Height loss compounds the problem. As spinal discs compress and posture changes with age, you get shorter, which pushes BMI upward even without gaining a pound. An older person with a “healthy” BMI of 23 may actually have dangerously low muscle mass (a condition called sarcopenia) masked by increased body fat. That loss of muscle raises the risk of falls, fractures, and loss of independence. Meanwhile, someone with a BMI of 27 who has maintained their muscle through exercise may be in far better shape.
Sex and Hormonal Differences
Women naturally carry a higher percentage of body fat than men at any given BMI, and they store it differently, typically in the hips and thighs rather than the abdomen. Men tend to accumulate more visceral fat. BMI captures none of this. A man and woman with identical BMIs of 27 could have completely different body fat percentages, fat distributions, and metabolic risk profiles. The association between BMI and health risk is inconsistent across sexes, which is one reason the AMA now recommends pairing BMI with measures like waist circumference, body composition, and metabolic markers.

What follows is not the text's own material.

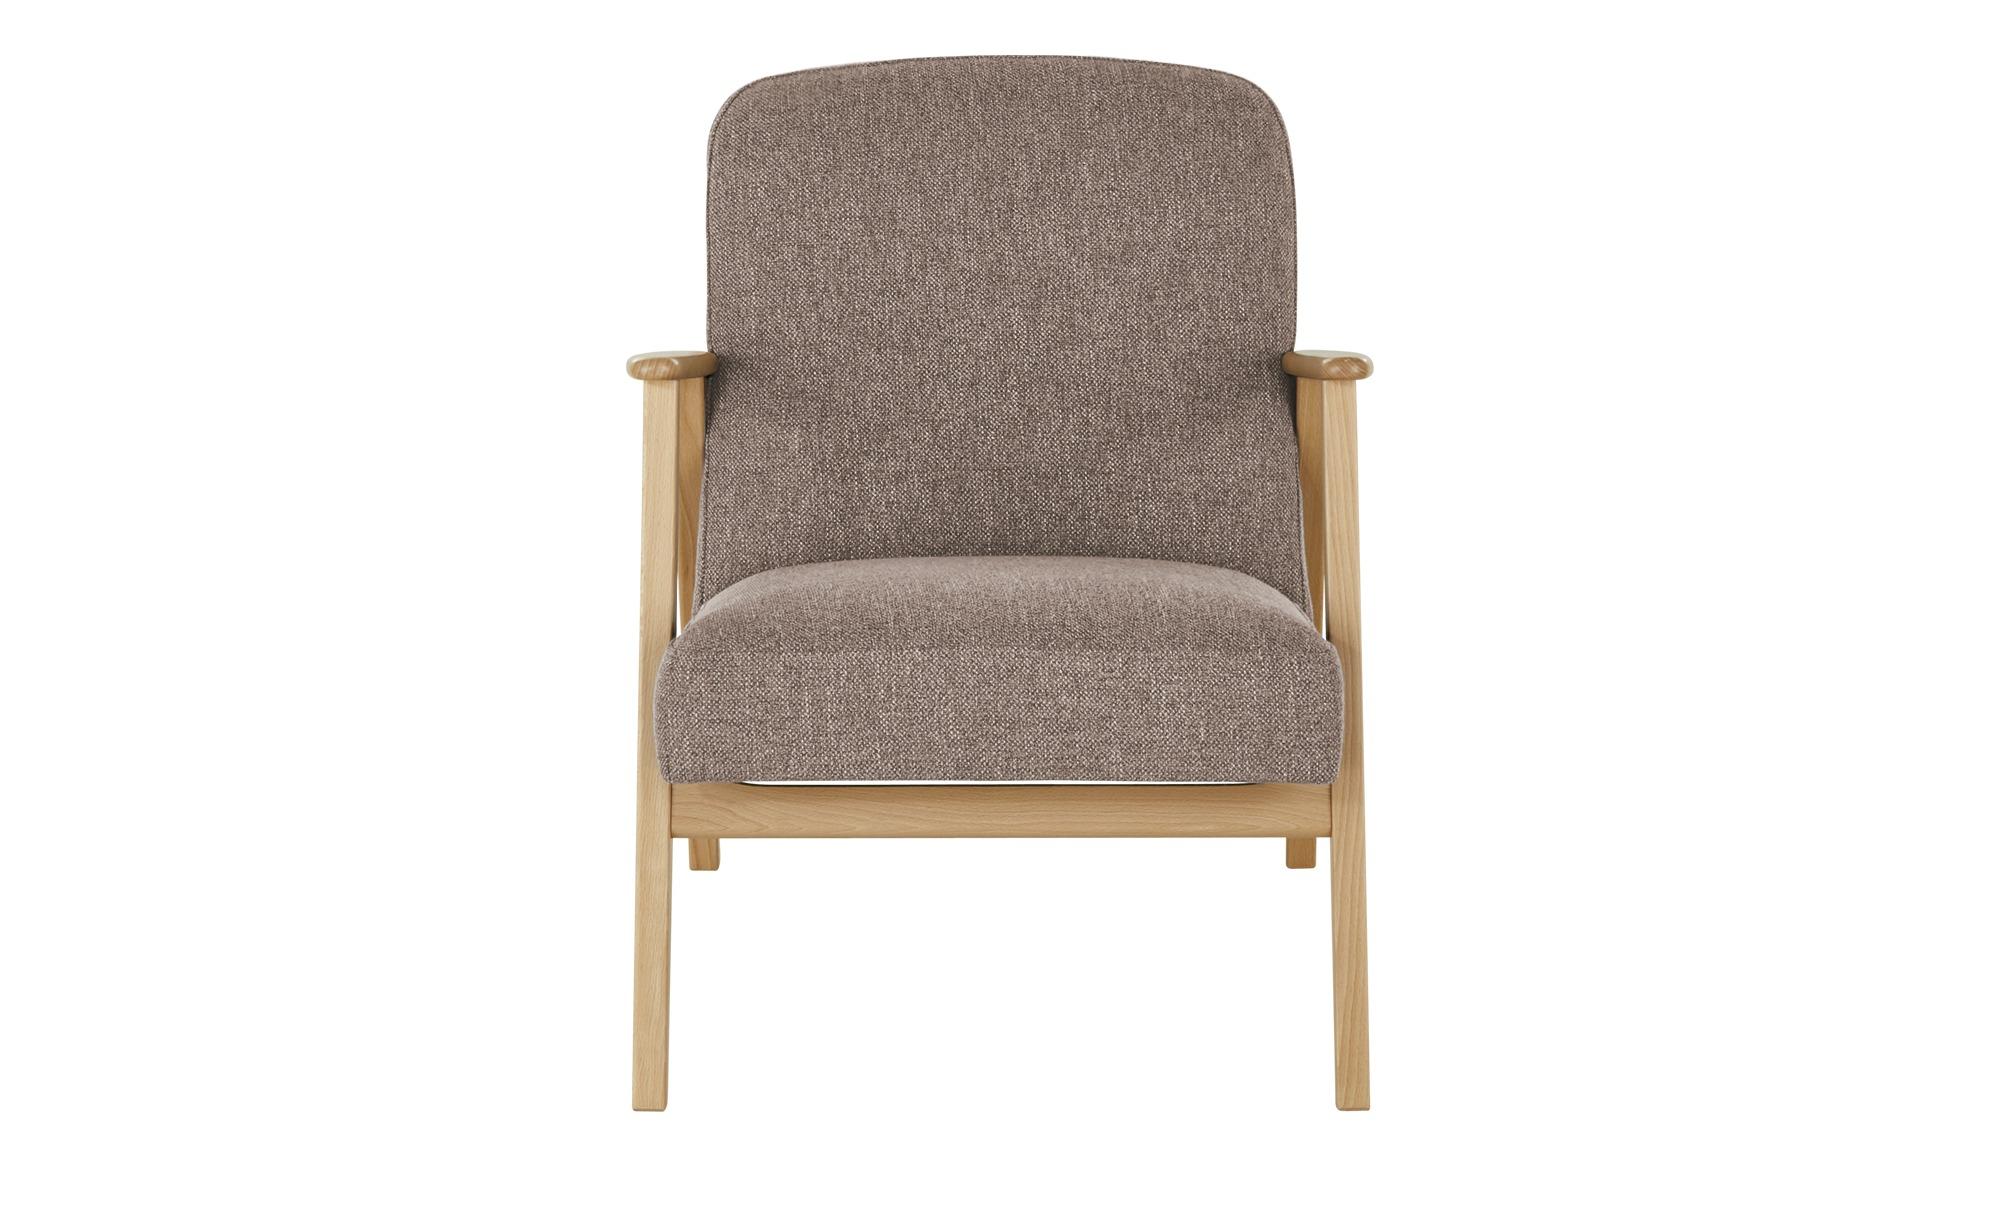 smart Sessel  Rada ¦ braun ¦ Maße (cm): B: 64 H: 76 T: 83 Polstermöbel > Sessel > Polstersessel - Höffner

What BMI Was Actually Designed For
The formula behind BMI was created in 1832 by Adolphe Quetelet, a Belgian mathematician and astronomer, not a physician. He was studying population-level growth patterns and observed that in adults, weight tends to increase proportionally to the square of height. The index was a statistical tool for describing large groups, never intended to diagnose health in any individual person. It wasn’t repurposed as a clinical screening tool until after World War II, when researchers began studying the link between weight and cardiovascular disease in large populations.
Better Ways to Assess Your Health
The AMA now recommends that clinicians use BMI alongside other measures, not in isolation. Some of the most practical alternatives you can even check at home:
- Waist-to-height ratio: Divide your waist circumference by your height (in the same units). A ratio under 0.5 is the general target. This single number is a stronger predictor of cardiovascular disease risk than BMI.
- Waist circumference: Measured at the navel. Above 40 inches for men or 35 inches for women signals elevated risk regardless of BMI.
- Body composition testing: Methods like DEXA scans or bioelectrical impedance scales estimate your actual ratio of fat to lean tissue. CT and MRI scans provide the most accurate picture of visceral versus subcutaneous fat, though these are typically reserved for research or clinical settings.
BMI remains useful as a quick, free screening tool for large populations. But for understanding your own health, it is one data point among many, and often not the most important one.